Senator Stabenow Votes Against Confirming Scott Pruitt as EPA Administrator

Friday, February 17, 2017

WASHINGTON, D.C. – Today, U.S. Senator Debbie Stabenow (D-MI) voted against confirming Scott Pruitt to be the next Administrator of the Environmental Protection Agency.  She delivered the remarks against his nomination on the Senate Floor.  Video of her speech may be found here and her remarks, as prepared for delivery, follow:

M. President

I rise to join my colleagues in opposing Scott Pruitt to be the next Administrator of the Environmental Protection Agency.

The EPA Administrator is a position of great importance to the people of Michigan, the Great Lakes region, and the entire country.  After examining Mr. Pruitt’s record on a broad range of issues, as well as his views about the agency for which he has been nominated to lead, I have significant concerns about the direction and priorities the EPA would take if he becomes Administrator.

 

My concerns about Scott Pruitt are not based on partisan politics.  When George W. Bush was President, I joined with 98 of my colleagues to vote to confirm Christy Todd Whitman to be EPA Administrator.  Two years later, I was among 87 other members in the Senate to vote to confirm Michael Leavitt to succeed her at the EPA. But I do not believe that Scott Pruitt has the requisite experience and track record to successfully lead an agency that plays such a critical role in protecting the health and wellbeing of the people of Michigan. 

 

My state is all too familiar with the importance of clean water and the consequences of environmental mismanagement.  While there is no question that the EPA should have acted more quickly to respond to the crisis in Flint, make no mistake that this man made emergency was primarily the function of decisions made by our Governor’s administration.  An administration that decided it would rather save $100 a day than pay for the treatment needed to prevent water pipes from corroding and exposing families and children in Flint to lead tainted water.

 

Mr.

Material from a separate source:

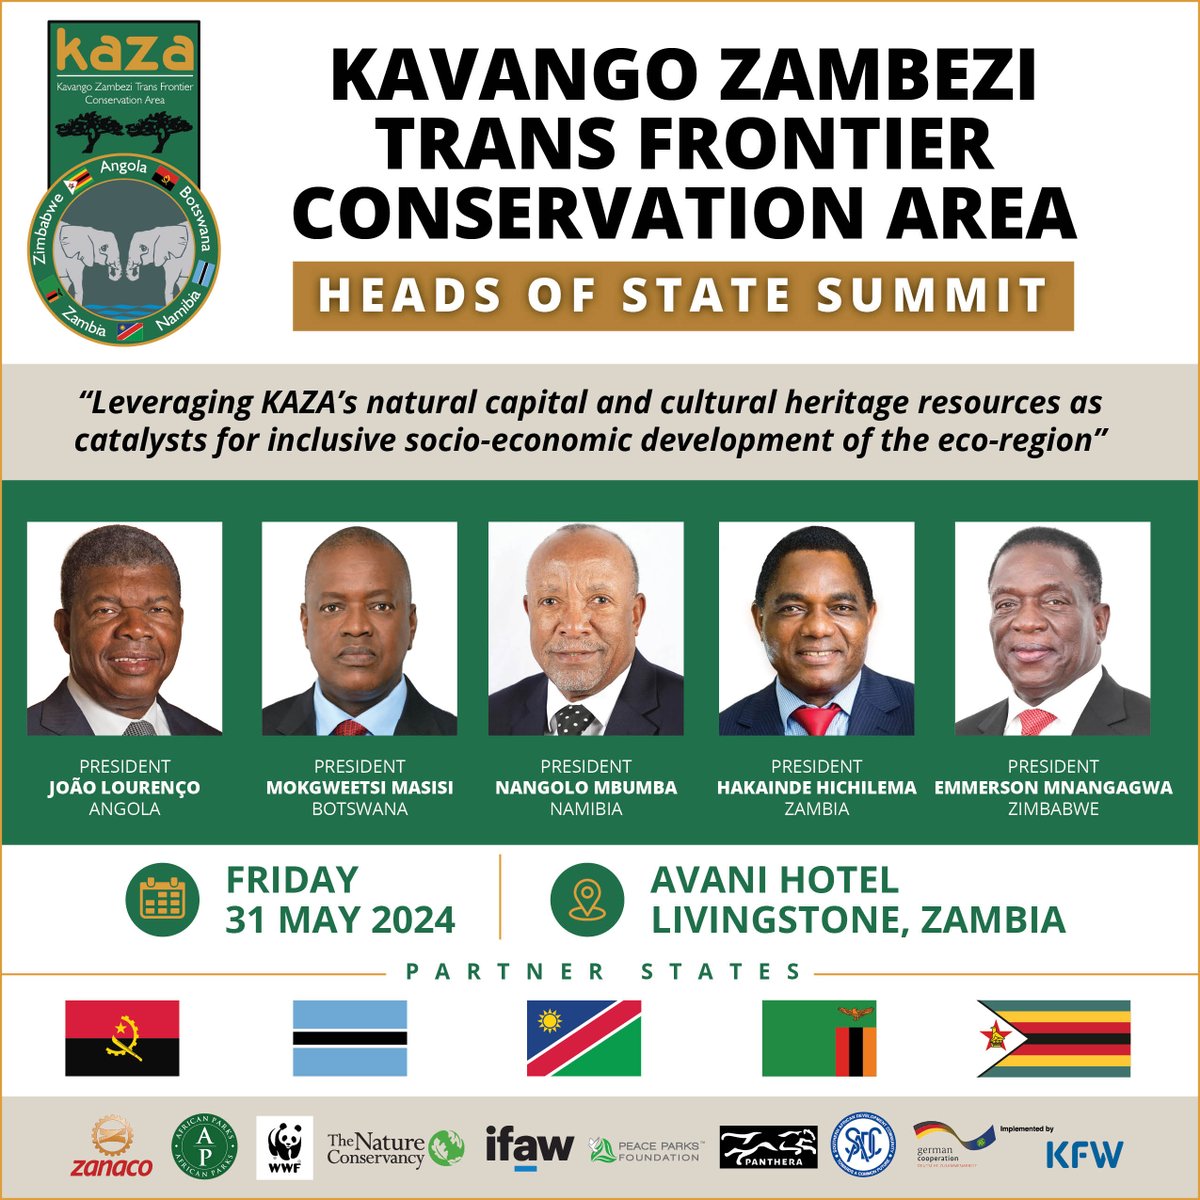 Zambia is set to host the Kavango Zambezi (KAZA) Transfrontier Conservation Area (TFCA) Heads of State Summit on 31st May, 2024 at Avani Hotel in Livingstone.

Pruitt has made clear of his intention to defer as much as possible to state authorities on decisions about protecting the environment.  While I firmly believe an effective EPA is one that works closely and often in concert with state and local communities, we must also be sure that we have leadership at the EPA that is willing and capable of providing the oversight necessary to ensure environmental and public health standards.

 

We also need an EPA Administrator that we can trust to protect and preserve the Great Lakes.  Critical to this objective is a grant program administered by the EPA called the Great Lakes Restoration Initiative.   The GLRI, which I championed and helped launch in 2010, accelerates efforts to protect and restore the Great Lakes by providing grants to clean up contaminated areas, prevent and control invasive species, address harmful algal blooms, and restore habitat to protect native species.

 

Scott Pruitt’s long record of opposing nearly all federal environmental programs raises serious questions about his commitment to the GLRI program -- a program that has garnered bipartisan and bicameral support in the Congress.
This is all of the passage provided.